Agnieszka G.

Agnieszka G. Płyń za rekinem –
trafisz do ludzi
[Lec]

Temat: Dlaczego tak wielu ludzi wybiera dziś samotność...?

Michał Stradomski:
Agnieszka G.:
Wychodzi z powyższej wypowiedzi, że muszę być z kimś i mieć dzieci, bo inaczej moje życie nie będzie miało sensu ...

To za daleko idący wniosek. Realizacja potrzeb to jedno a sens życia to co innego. Powiem więcej, w interesie "natury" nie jest to, żebyś Ty była szczęśliwa tylko, żeby przetrwał gatunek - po to natura wymyśliła tak silny popęd seksualny :) Człowiek to jednak nie tylko biologia i sens życia nie wyczerpuje się w przedłużaniu gatunku (p. np. zakonnice). Wychodzenie za mąż czy posiadanie dzieci nie powinno być czysto emocjonalną reakcją na potrzeby biologiczne czy presję otoczenia, bo takie "decyzje" zazwyczaj się źle kończą. Inna sprawa to rozważyć, co w kontekście całego życia da Ci więcej szczęścia. Zakonnice przynajmniej mają wspólnotę, do której dożywotnio należą i głęboko przeżywany sens życia. "Signielstwo" starszej kobiecie nie oferuje nic. Szczególnie w społeczeństwie, w którym kobieta po 30 bez dzieci zaczyna być odsuwana na margines, bo traci wspólne tematy i rozrywki z "dzieciatymi" koleżankami. Pewnie można być szczęśliwym samemu ale wydaje mi się to mimo wszystko trudniejsze niż życie w rodzinie. "Team work"! :)

No tak, opowiadanie na okrągło o ząbkach, kupkach, kolkach, pieluchach, przedszkolu i trudnościach w nauce to rzeczywiście świetne tematy dla "niedzieciatych". A może to "dzieciaci" tracą kontakt z rzeczywistością i poza powyższymi nie można z nimi o niczym innym porozmawiać?

Pamiętaj, sama nie oznacza samotna :)
Przekazywanie życia to nie jest główna potrzeba.

Nie napisałem, że "główna" tylko "podstawowa" a to różnica.

Podstawową tym bardziej nie jest.
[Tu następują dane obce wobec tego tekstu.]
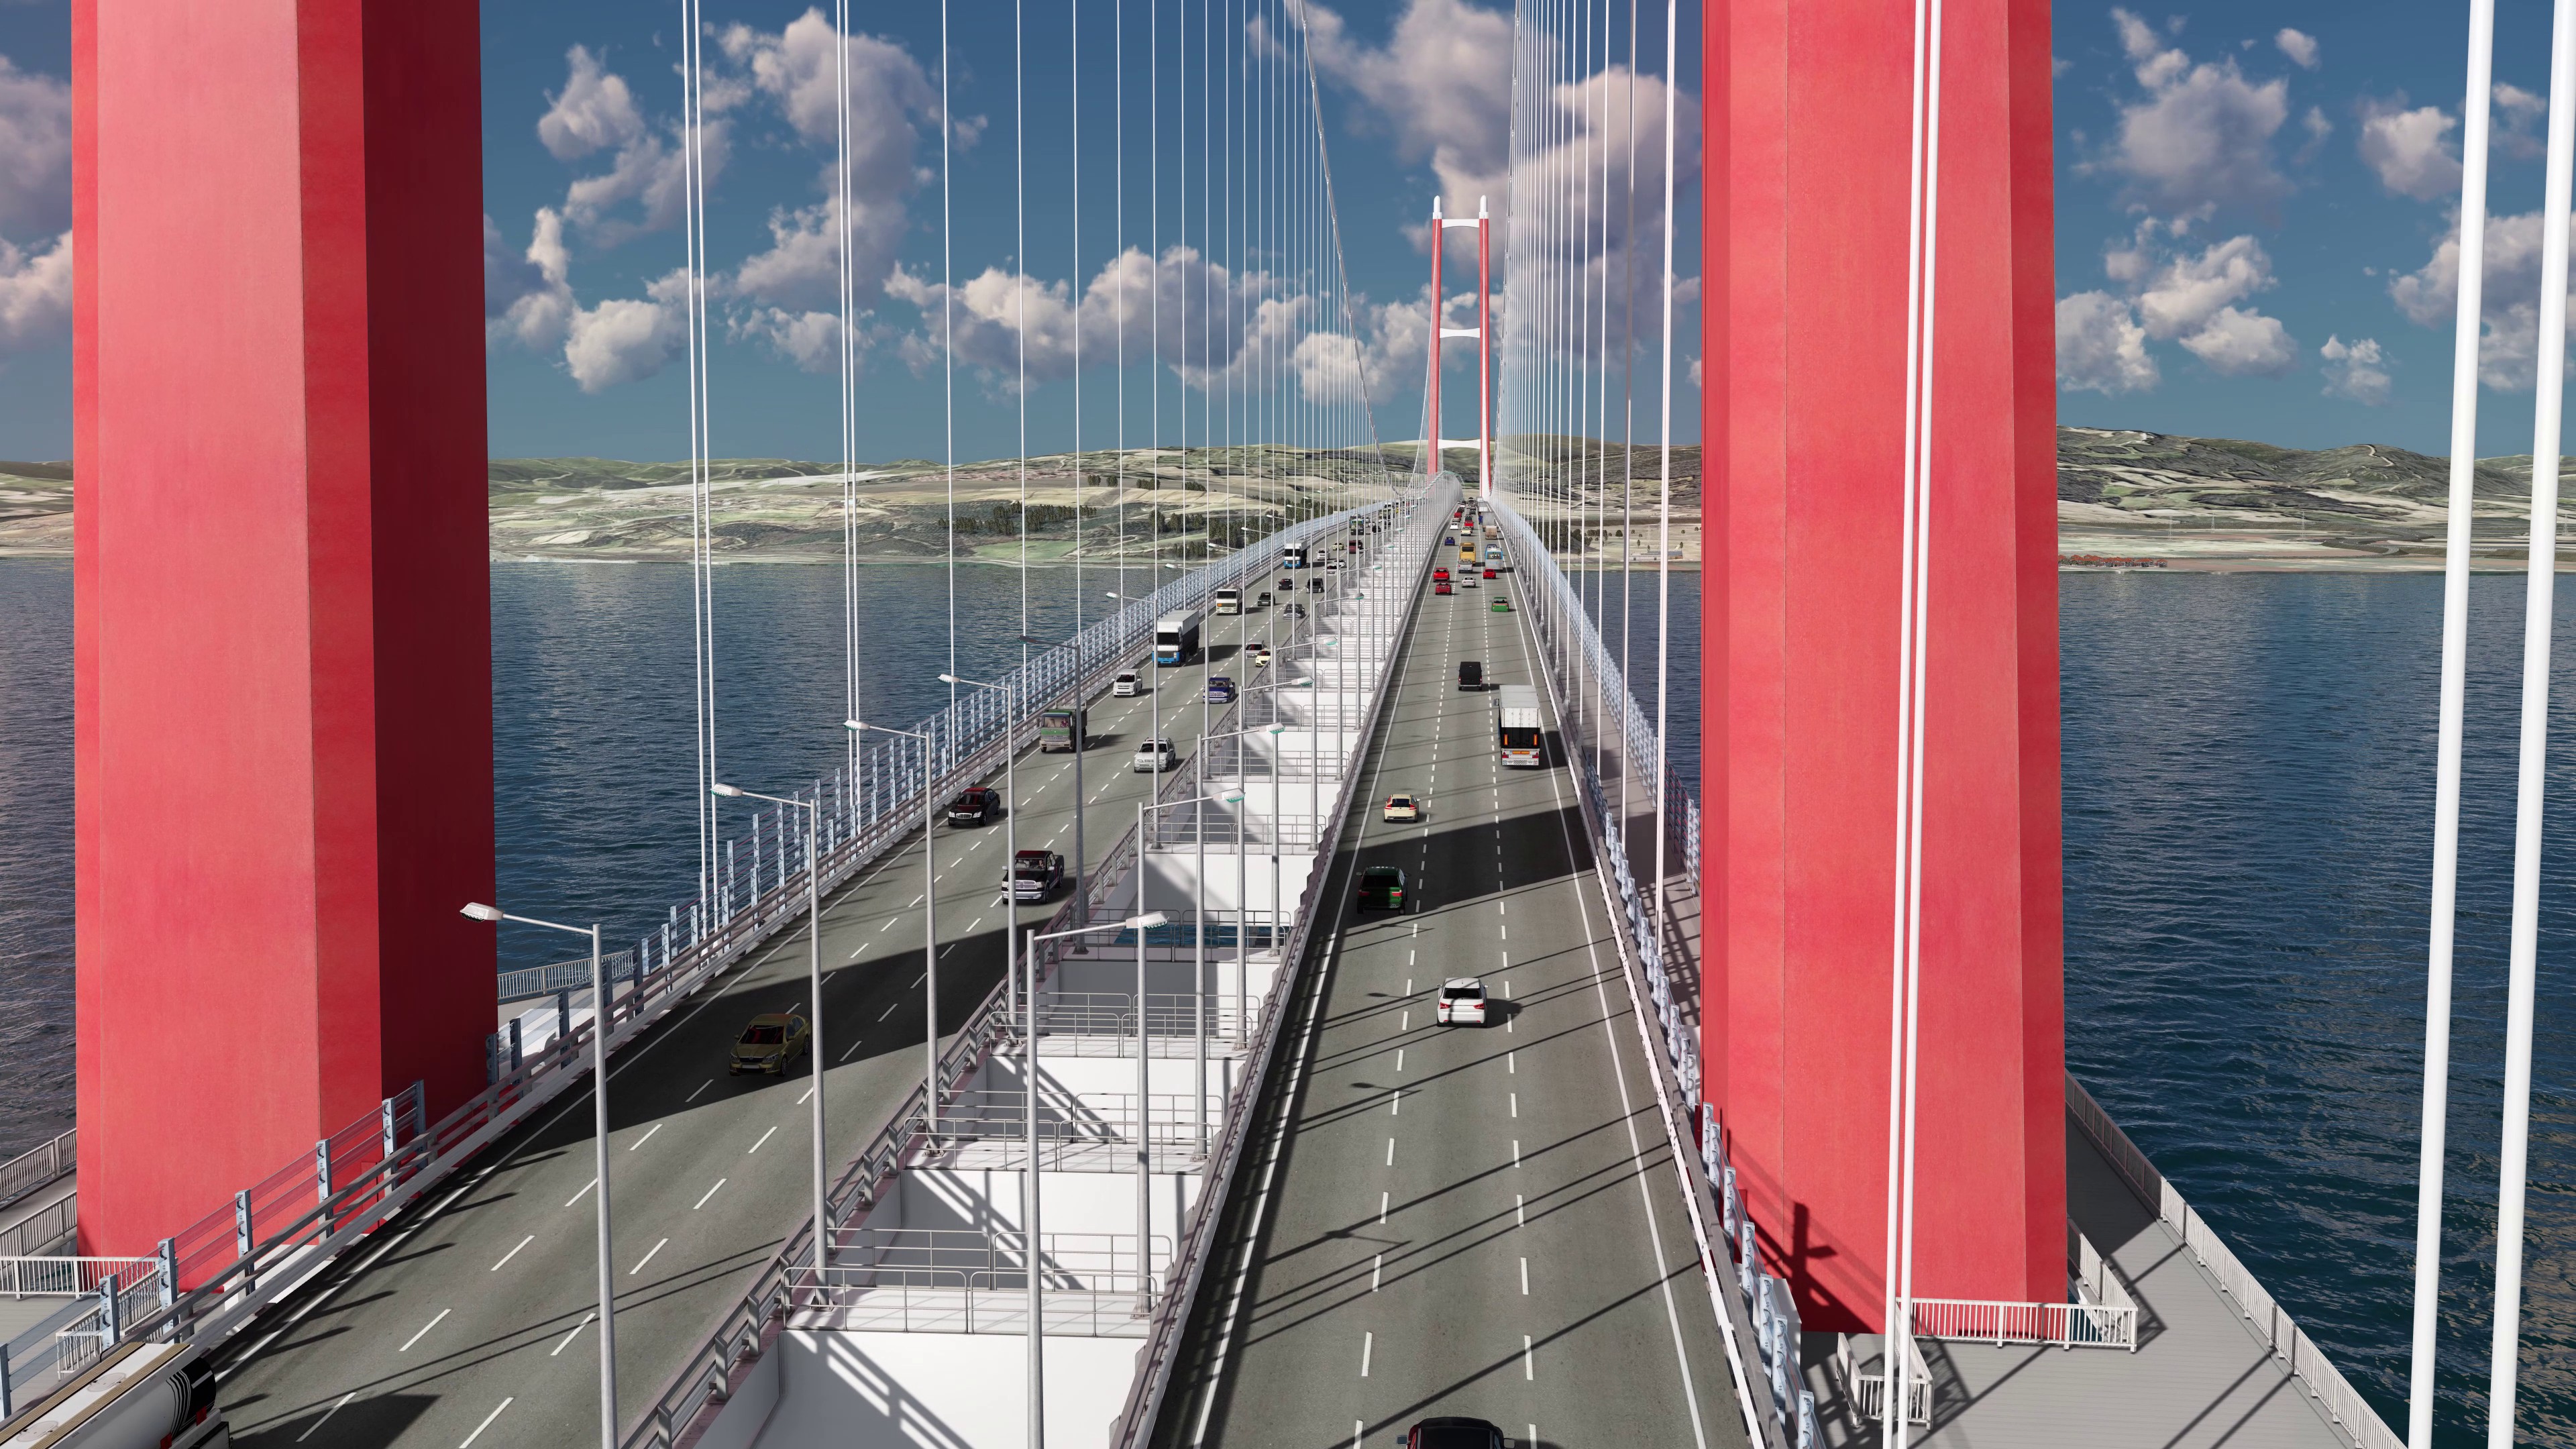 Projeção em 3D da parte interna da ponte, por onde é esperada a passagem de até 45 mil carros por dia  (Foto: 1915canakkale.com / Reprodução)

Piramida Maslow'a się kłania. Najważniejsze są na dole.


Obrazek

Dziękuję, nie skorzystam i wolę być sama niż kimś na siłę i obwieszona dziećmi. Michale, to naprawdę nie jest główny cel w życiu wielu ludzi.

To tylko forma, treścią jest miłość. Przynajmniej powinna być. A jaki jest Twój cel w życiu?

Cel to moje zadowolenie i świadomość, że podejmuję najlepsze decyzje dla siebie, w zgodzie z własnymi przekonaniami i poglądami. Krótko mówiąc moje szczęście :)

Jurku, odkładać, póki możesz :)Agnieszka G. edytował(a) ten post dnia 12.12.12 o godzinie 12:42
Dariusz Rojek

Dariusz Rojek Passion for
excellence...

Temat: Dlaczego tak wielu ludzi wybiera dziś samotność...?

Szczepan, - zwrócę się do Ciebie, bo to Ty ostatnio nadajesz ton tej dyskusji - czy Ty naprawdę uważasz, że ten wykreowany przez media i tzw. rynkową rzeczywstość model życia, oparty o egocentryzm ("Podruj sobie odrobinę luksusu", "Jesteś tego warta") jest najlepszym ze wszystkich jakie istnieją na tym świecie.. ??

Ja jestem przerażony tym trendem, bo wg. mnie jest to Orwell'owska wizja półcyborgów wyzutych z większości cech ludzkich, skoncentrowanych na egoistycznym konsumpcjoniźmie i wydalaniu, co w konsekwencji w prosty spsoób doprowadzi do katastrofy. O ile inteligentne jednostki będą w stanie, w pewien sposób kontrolować swoje instynkty, o tyle "blokersi", którzy już dziś są sterowani dżojstikiem, będą płynną masą sterowaną przez medialny system naprowadzania.

Zauważ jedną rzecz, że w tym dzisiejszym, drapieżnym świecie jest cała masa pułapek, z których nierzadko są w stanie uratować nas jedynie najbliżsi, nierzadko dzieci...
Im bardziej będzie postępowała technologia, tym bardziej będzie wypierała wartości w naszym życiu.
Nawet najsilniejsze jednostki wpadają dziś w pułapki i nim się zorientują są w coś uwikłane, a wtedy jest człowiekowi najtrudniej nabrać dystansu i wtedy tylko ktoś z kim przeżylismy wiele lat, czy dziecko, które zawsze czuło nasze uczucia jest nam w stanie pomóc. Tylko oni.Dariusz Rojek edytował(a) ten post dnia 12.12.12 o godzinie 13:03

konto usunięte

Temat: Dlaczego tak wielu ludzi wybiera dziś samotność...?

Szczepan M.:
I z tym się zgadzam, ale należy to zmienić i koleżanka Agnieszka mogłaby dać dobry przykład, ale nie chce.
I kto się dędzie składał na moją emeryturę ?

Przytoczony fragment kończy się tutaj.